In the very least, Reason tells me that more religion is not the answer we need. Einstein is often quoted as saying that doing the same thing and expecting different results is the definition of insanity.

Honestly, let’s try Reason for a change. Let’s include some non-religious points of view in this discussion. Because if you think that the end of the world or the death of infidels or the torment of sinners for all of eternity is the happy ending that your religion is leading towards because it says so in your holy book, then maybe you don’t belong at that table.

Maybe the people we should turn to for a way forward should be those whose interest is improving relations between cultures because we believe this world, this life, is all we have, and that makes it precious. Maybe it’s time to stop doing the same thing year after year, war after war, century after century, era after era, and expecting different results.

Maybe it’s time we take the good religion has to offer but firmly stand our ground when our leaders suggest we simply pray for peace and hope for the best. Maybe it’s time we elected men of action and conviction whose way forward involves not hopefully kneeling to whisper to some invisible agent to help accomplish the job they were elected to perform, but men who at least have a plan laid out for consideration with real steps and reasonable promise of success.

Closing our eyes and wishing for the best has gotten us exactly where we are. For Reason’s sake, why don’t we get off our knees, open our eyes and do something to make the world a better place right here and now. This is the world that blind faith in our leadership has lead us to. Do we really think blind faith is prepared to lead us out again?

Ten years ago today, a handful of men proved their faith in the ultimate way and that cannot be undone. It’s time we put our faith in Reason for a change.


The answer isn’t more *religion*, the answer is more *love*; which is what religion is *supposed* to be about but mostly isn’t.

Forgive me if I presume too much. But do you mean to imply that atheism is a religion? If you mean that, it isn’t. What word would you use for someone who isn’t religious at all? Or is it impossible to not be religious? What do atheists believe that would lead you to think that it is more than just someone who lacks a belief?

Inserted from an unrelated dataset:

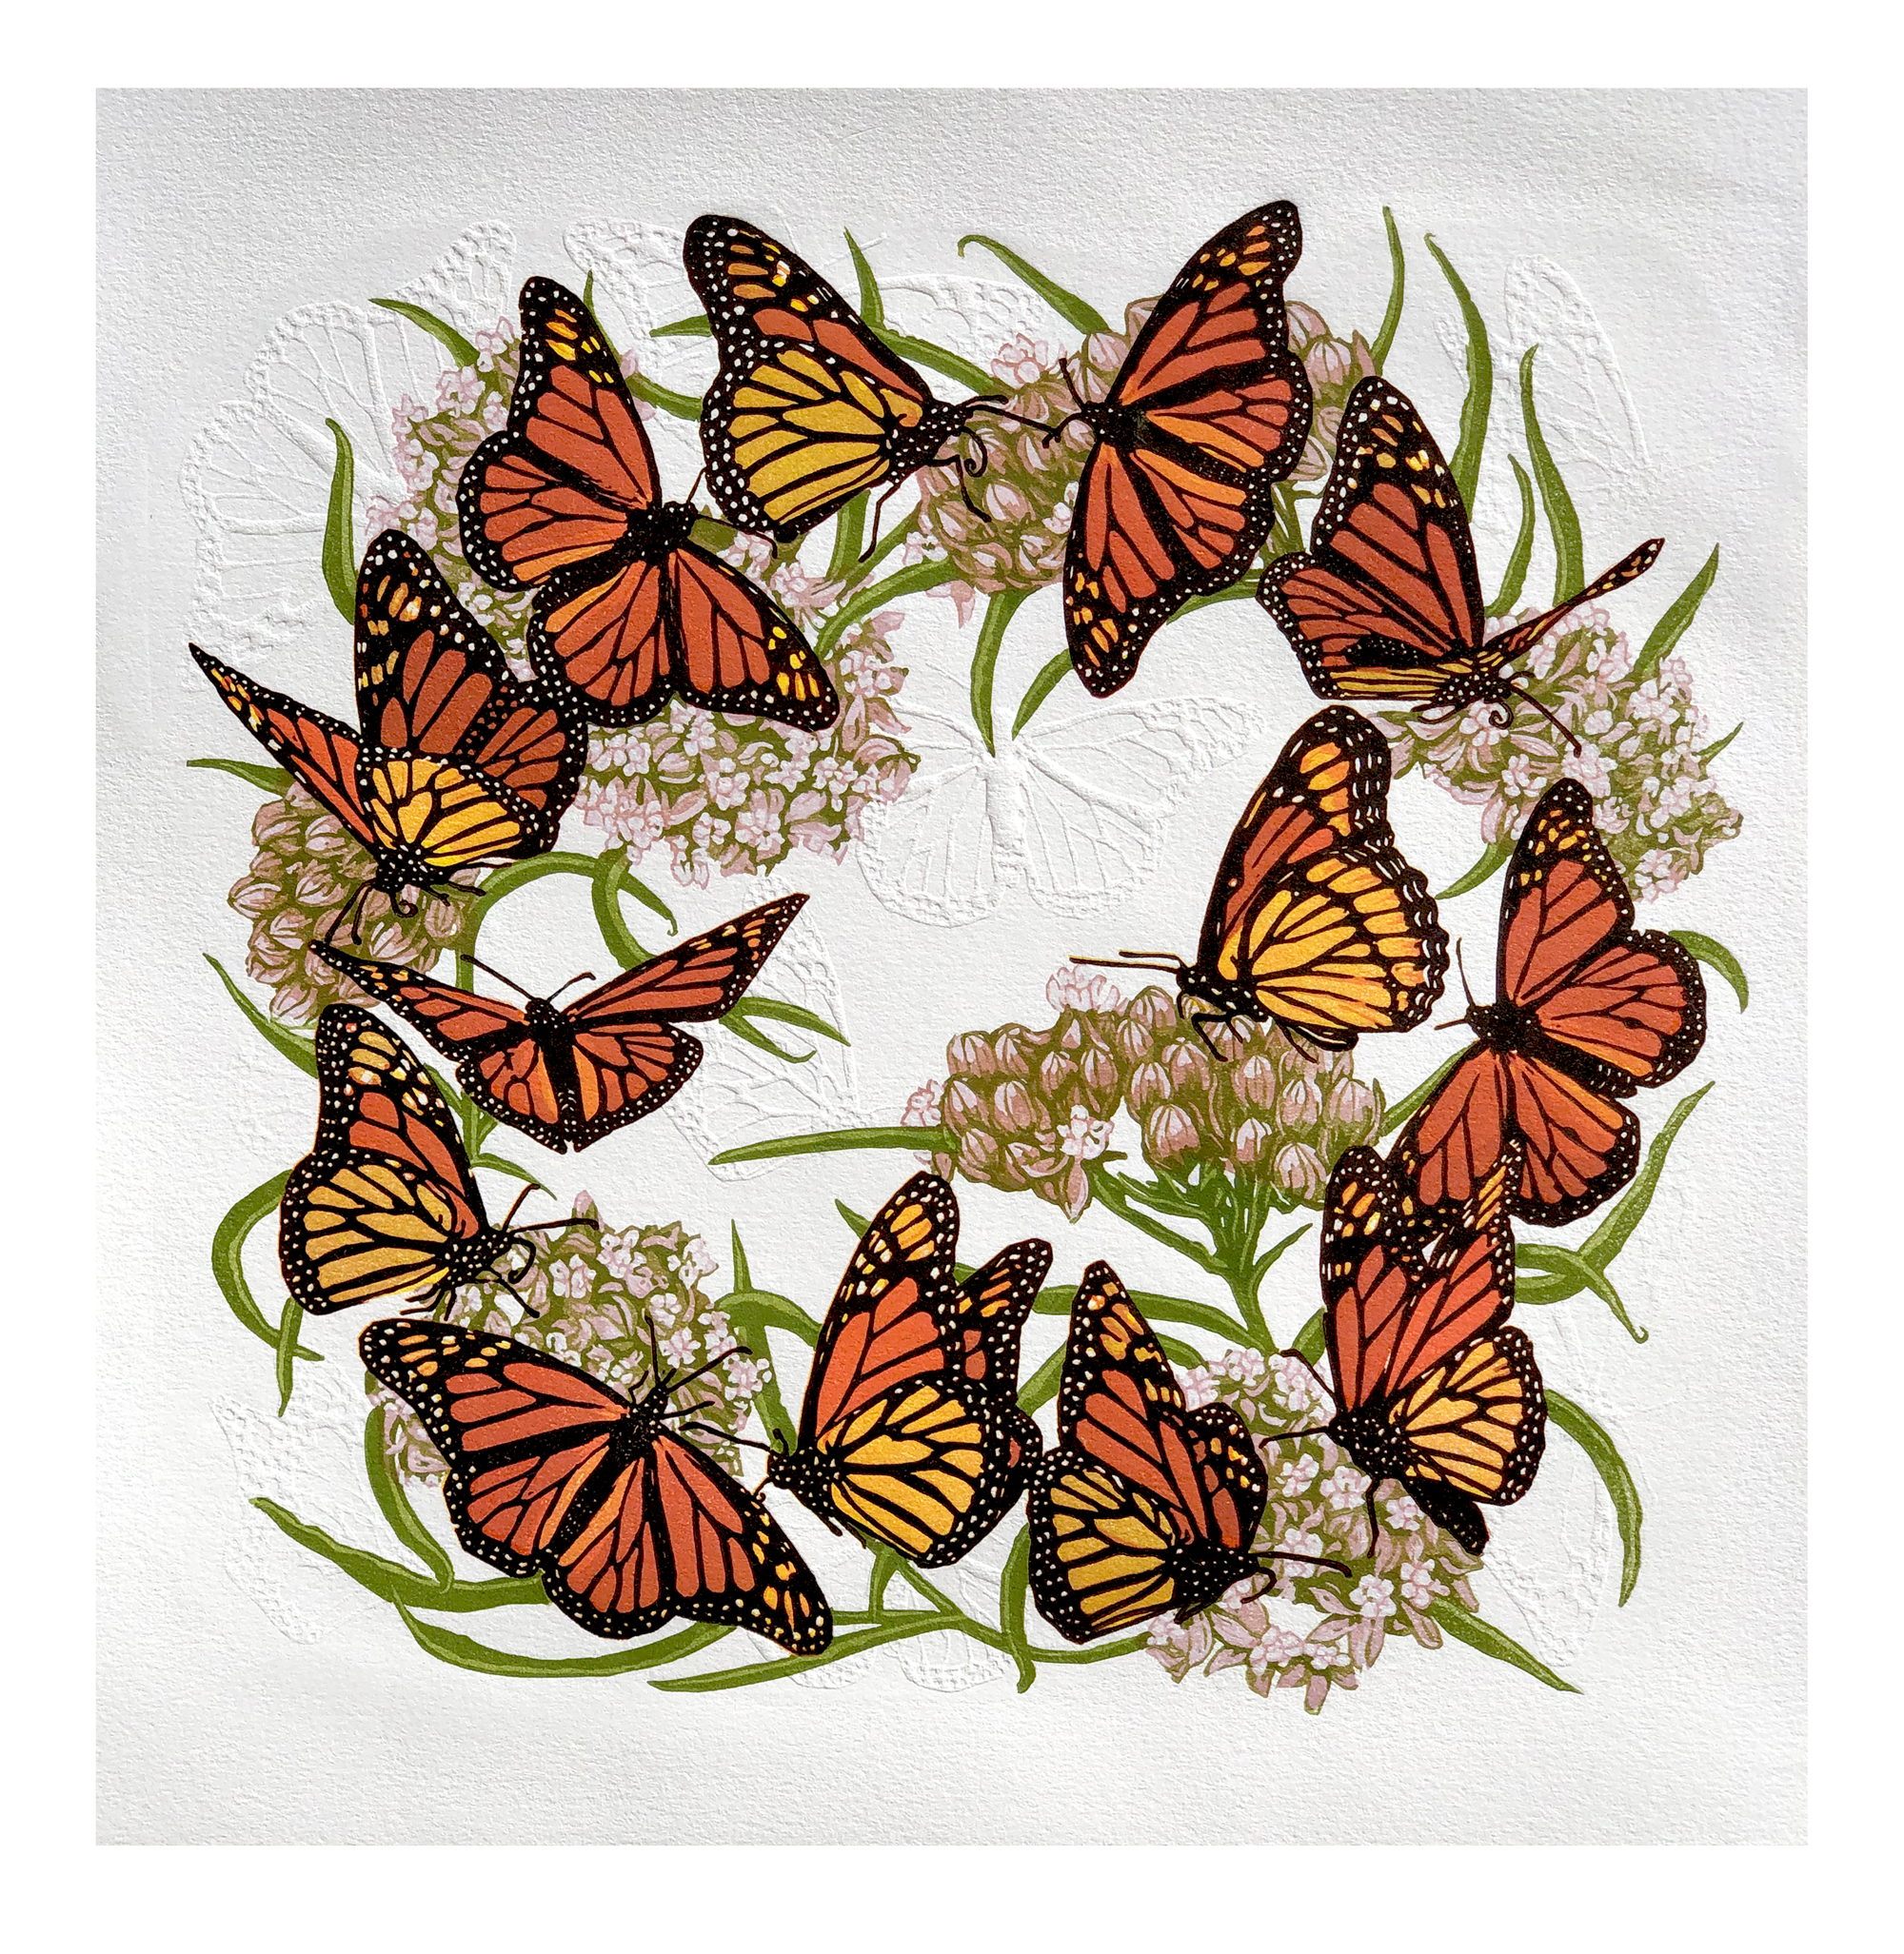 Twelve Monarchs and a Viceroy

What can you tell about what someone believes if I say they are atheist? The only safe conclusion is that they lack belief in gods. If, however, I say I am Christian I can at the very least assume that I would: find the Bible to be inspired in some way by God, find that Christ is in some way divine (either being God himself or the son of God) and that Christ rose from the dead. Perhaps to a limited extent I would safely include the virgin birth but progressively more Christians are doubting this. What additional beliefs would even be included with the “lack of belief” that atheists have to constitute calling it a religion? This is simply propaganda used to help justify the religious position or try to find a false middle ground. If this is not what you meant to imply I sincerely apologize for my diatribe.

To Vincent L C:

It’s worth pointing out that Love not only works without religious sanction or command, it virtually always works better that way.

A command of love (such as in the Christian Bible) cheapens the very vehicle by which relationship and reconciliation are supposed to be achieved and maintained, simply by making it compulsory.

Freely choosing to be loving is the only way to be selfless in the act. Being convinced, with good reasons and from personal experience and/or historical precedent, that being loving is a worthwhile way to live is the best conceivable way to arrive at that idea. The option religion offers is essentially, “Love others, and love me, or I’ll kill you.”

No thanks.

So I wholeheartedly agree that a rule of Love would greatly help in these matters, as well as a JS Mill-type No Harm Principle.

And since we both agree that religion mostly isn’t about love, at least not in practice, we come back around to the essay’s conclusion; Reason as a way forward.


“Reason” is a good idea. As whole and as an individual way of life!